Weight loss and loss of lean body mass in particular are powerful predictors of health both in disease states and the general population.2 3 Studies in patients with AIDS and chronic obstructive airways disease have shown a strong relation between weight loss and increased morbidity and mortality.4 5 The reasons for weight loss in RA are probably multi-factorial and include mechanical problems leading to muscle wasting, poor appetite because of drug therapy and disease, and the metabolic burden of the inflammatory response. This study was designed to investigate the prevalence of low body mass in an RA population attending a rheumatology clinic and explore the relation, if any, with disease activity.

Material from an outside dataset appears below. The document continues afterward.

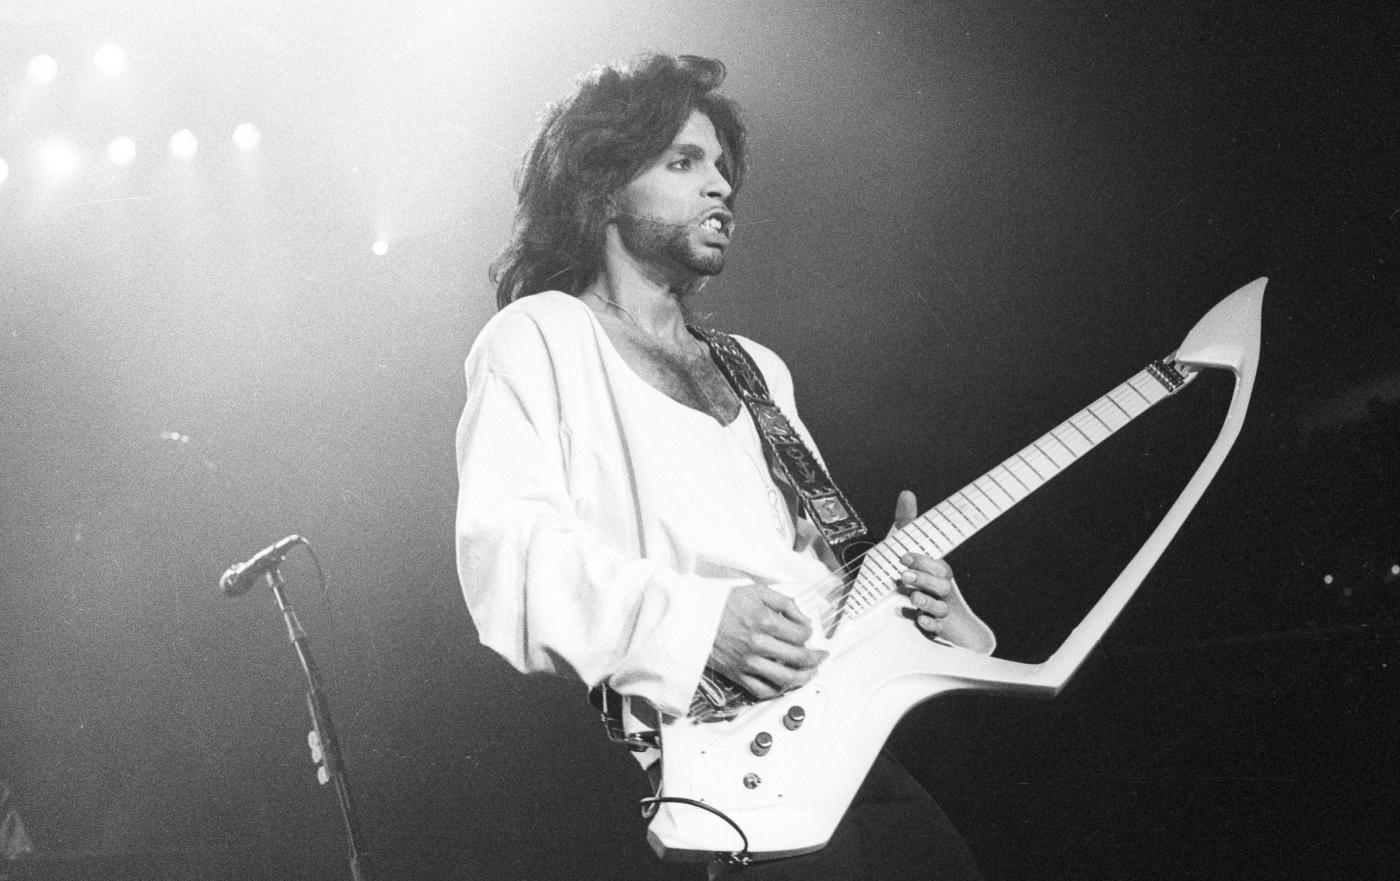 Morto il cantante Prince a Minneapolis

Ninety six patients who fulfilled the ACR criteria for RA were recruited serially from a return rheumatology outpatient clinic. Patients who were pregnant, not ambulant or taking oral corticosteroids were excluded. Patients with bilateral shoulder surgery or severe shoulder disease were excluded as this may have interfered with the upper arm anthropometry results.

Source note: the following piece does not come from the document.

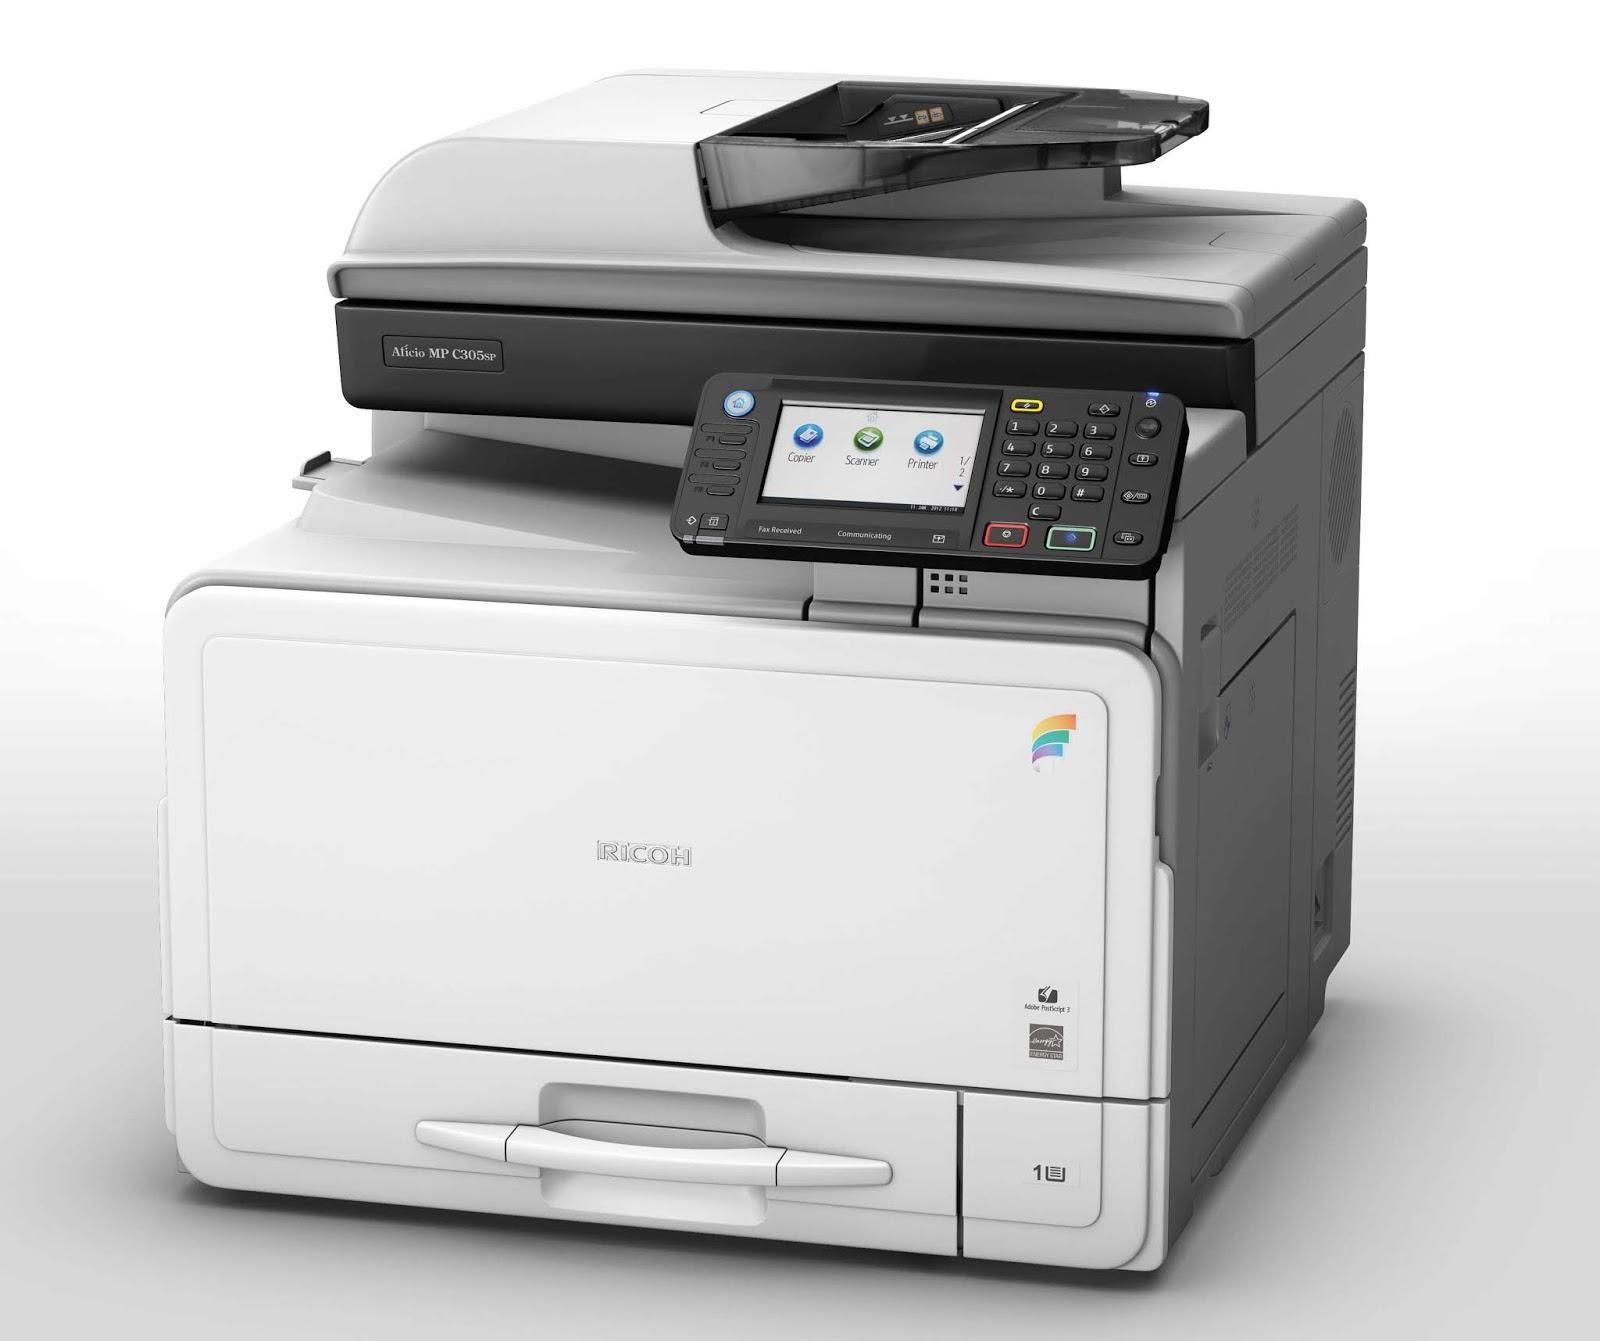 ricoh aficio mp 2851 printer driver windows 10

None of the patients had co-morbid medical conditions that are known to affect body mass. Table 1 shows the demographic details of the study group. Functional status was assessed using the Health Assessment Questionnaire (HAQ) score. Social deprivation was assessed from the Carstairs Score.6
The subjects were weighed on balance beam scales to the nearest 0.1 kg. Initial weight at time of presentation to a specialist clinic was noted if this was available. Standing height was measured on a wall mounted stadiometer to the nearest centimetre. Body mass index was calculated from: weight/height2(kg/m2). Knee height was also recorded with the patient seated and both the ankles and knees flexed to ninety degrees. The measurement was taken from the base of the heel pad to the superior pole of the patella. Knee height varies very little with age unlike standing height and is therefore useful in comparing body composition results across age groups.7
Skin fold thickness using standard skin fold callipers was measured over the triceps at the midpoint between the acromion and olecranon. Upper arm circumference was taken at the same site. Measurements were made on the right arm unless patients had shoulder disease in which case the least affected arm was used. Upper arm muscle and fat areas were calculated from standard equations using triceps skin fold thickness and upper arm circumference.8
Waist circumference to the nearest 0.1 cm was recorded at the midpoint between the superior iliac crest and lower costal margin. Fat mass was calculated from waist circumference, weight, and age. This method correlates well with results achieved using underwater weighing (r=0.839 to 0.868 dependent on sex) and is suitable for population studies.9
All anthropometry measurements were made by one observer using the same equipment for each patient.
C reactive protein (CRP), erythrocyte sedimentation rate (ESR), and serum albumin were recorded. Seropositivity for rheumatoid factor was ascertained.
Table 1 shows the demographic details of the patients. Ninety eight per cent of the study group were white. The patients generally had moderately severe disease as can be seen from the median HAQ scores. There was a high proportion of seropositive erosive disease in our study group (87%), which is representative of the patients attending our review clinics.
BODY MASS INDEX
Figure 1 shows the distribution of BMI in the male and female populations.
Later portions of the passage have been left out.